Let's write a function that can be used to write a brief summary of a PDB entry

Please note, that certain calls could return multiple PDB entries (*i.e.* POST calls), but the GET summary call we use in this exercise will always return only one PDB entry

In [None]:
# The below functions work to returns the information for this id in a summary format.

def make_entry_summary(pdb_id,input_information):
    entry_information = get_entry_info(pdb_id,input_information)

    # Getting the title of the entry
    title = get_value("title", entry_information)

    # Getting the release date of the entry
    release_date = get_value("release_date", entry_information)
    # Formatting the release data to make it more user-friendly
    formatted_release_date = "{}/{}/{}".format(release_date[:4], release_date[4:6], release_date[6:])

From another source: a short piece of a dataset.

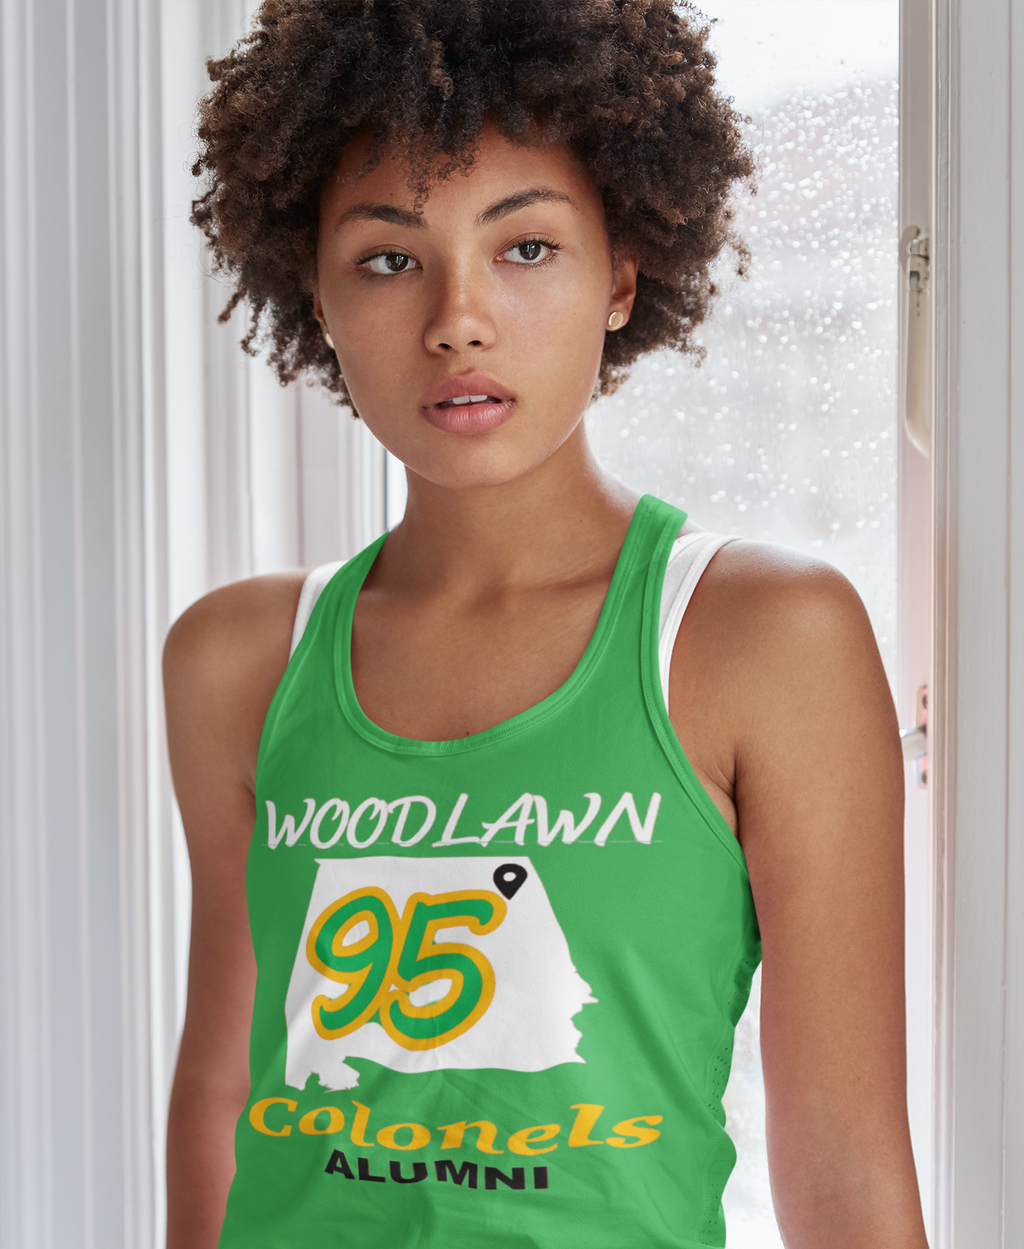 Woodlawn Colonels Racer Tank

    # Getting the experimental methods
    # Because there can be multiple methods, so this is a list that
    # needs to be iterated
    experimental_methods = ""
    for experimental_method in get_value("experimental_method", entry_information):
        if experimental_methods:
            experimental_methods += " and "
        experimental_methods += experimental_method

    # Creating the summary text using all the extracted information
    summary = ("Entry is titled " + title + " was released on " + formatted_release_date + ". ")
    summary += ("This entry was determined using " + experimental_methods + ".")
    return summary

print(make_entry_summary("8cau",example_summary))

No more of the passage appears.